▸ **RECORDED INFORMATION**:
╭──

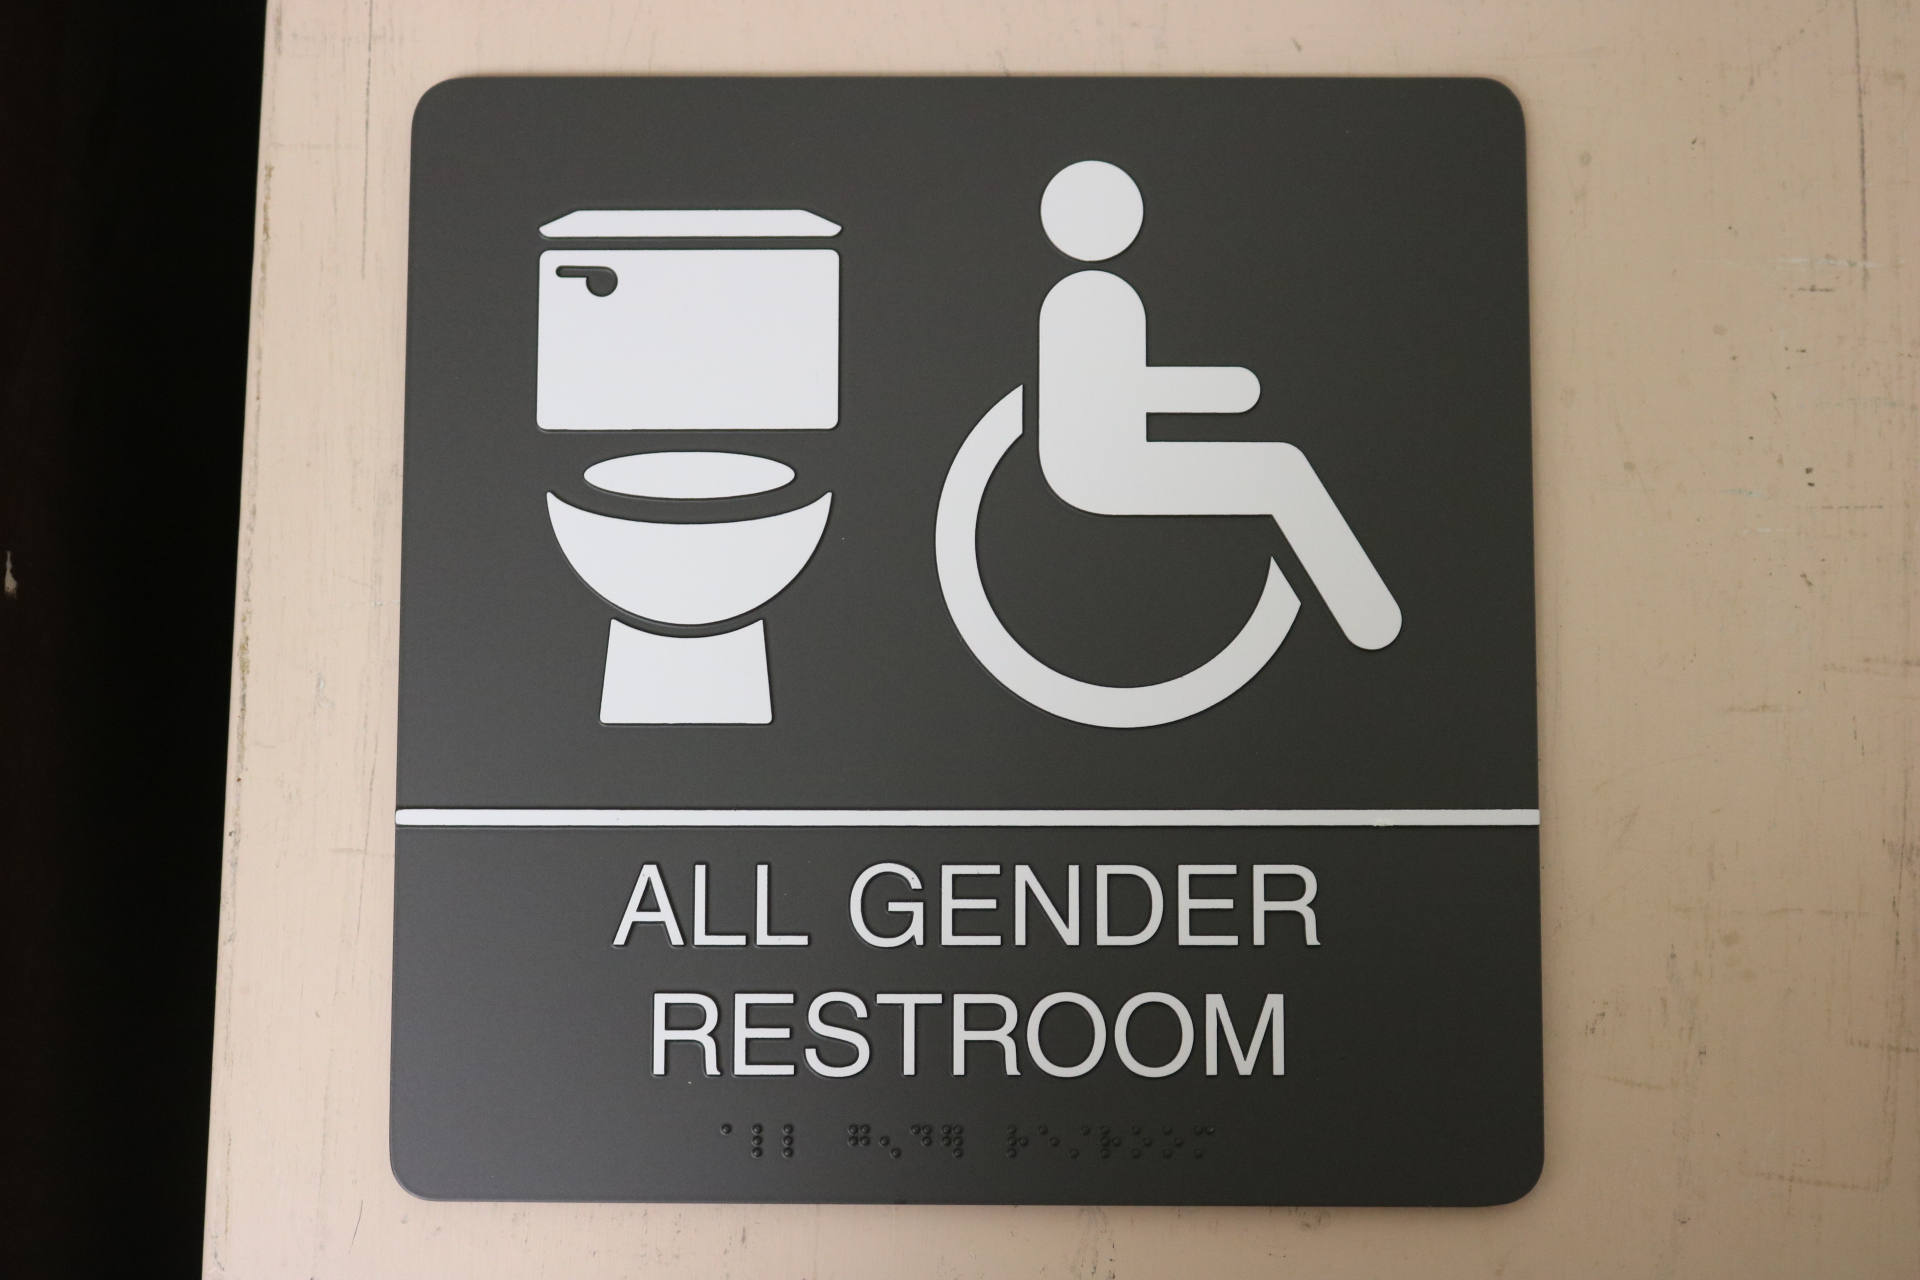 ISU All Gender
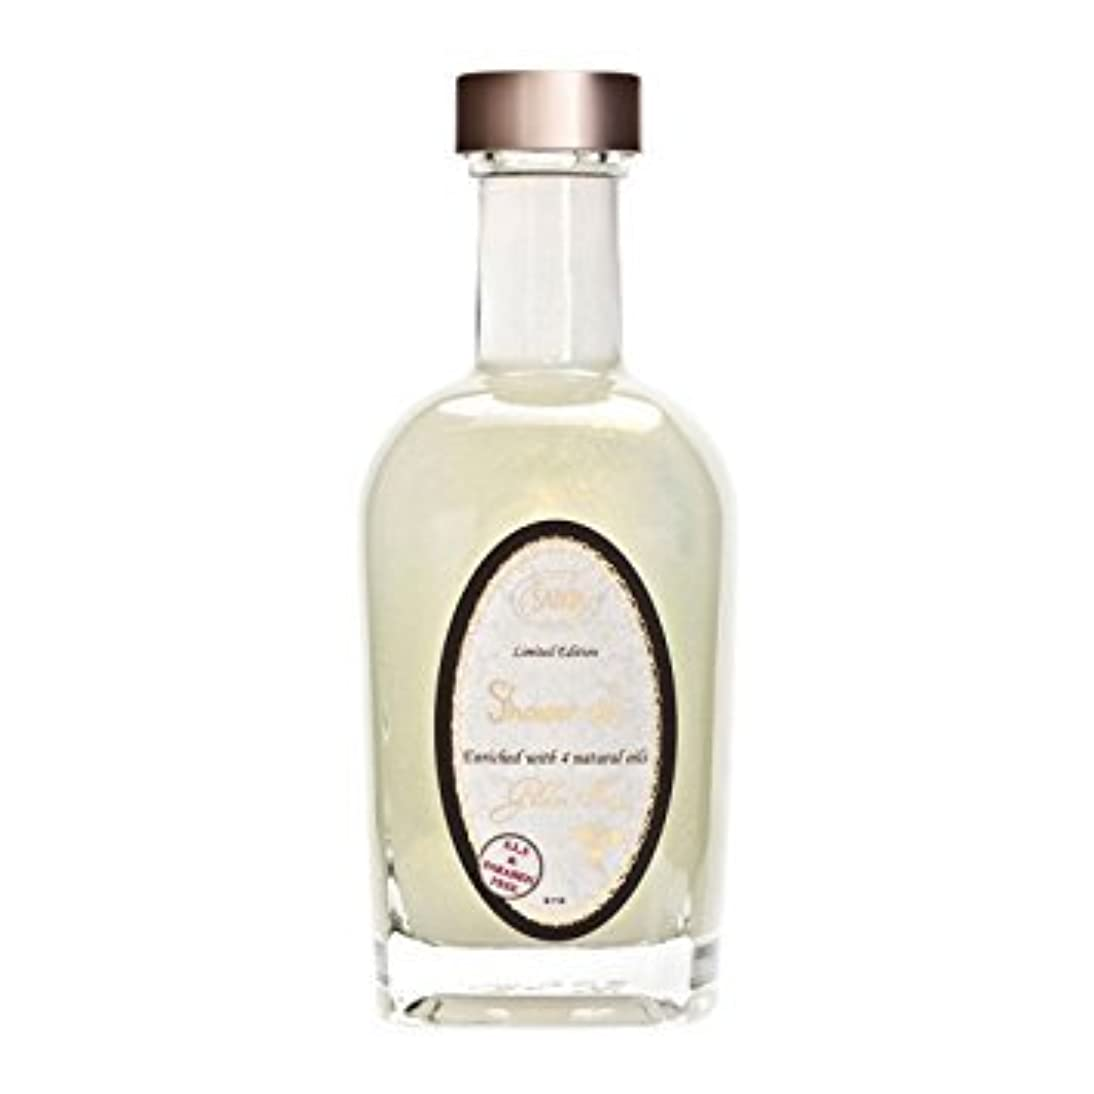 SABON Shower Oil サボン シャワーオイル 250ml 【Golden Iris ゴールデン アイリス】 イスラエル発 並行輸入品 海外直送 [並行輸入品]
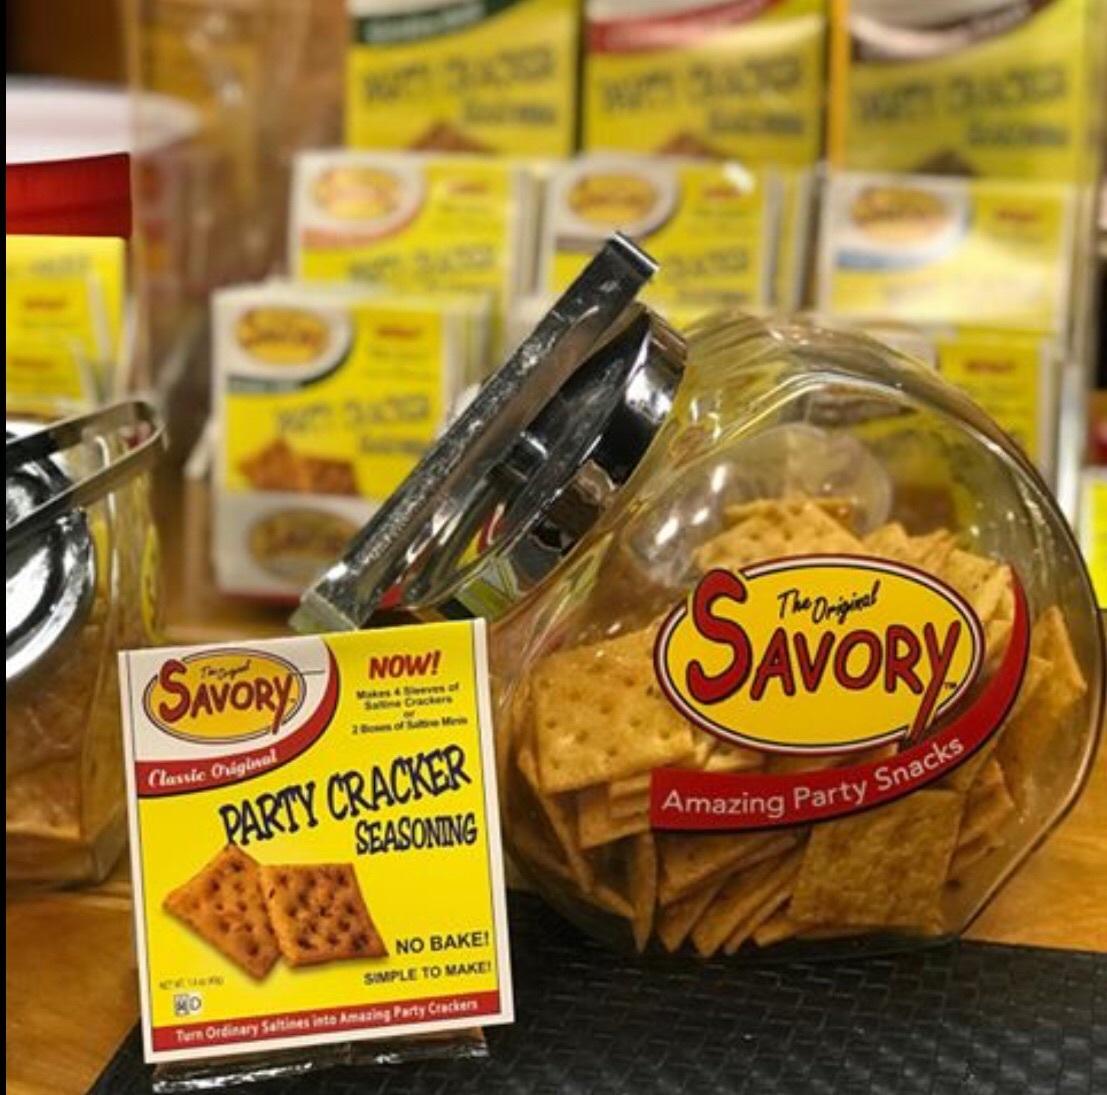 Savory Party Cracker Seasoning Original

╰──

▸ **PROBLEM TO SOLVE**:
Retype the data in full. Images do not go in the copy.

▸ **SOLUTION**:
 ISU All Gender
 SABON Shower Oil サボン シャワーオイル 250ml 【Golden Iris ゴールデン アイリス】 イスラエル発 並行輸入品 海外直送 [並行輸入品]
 Savory Party Cracker Seasoning Original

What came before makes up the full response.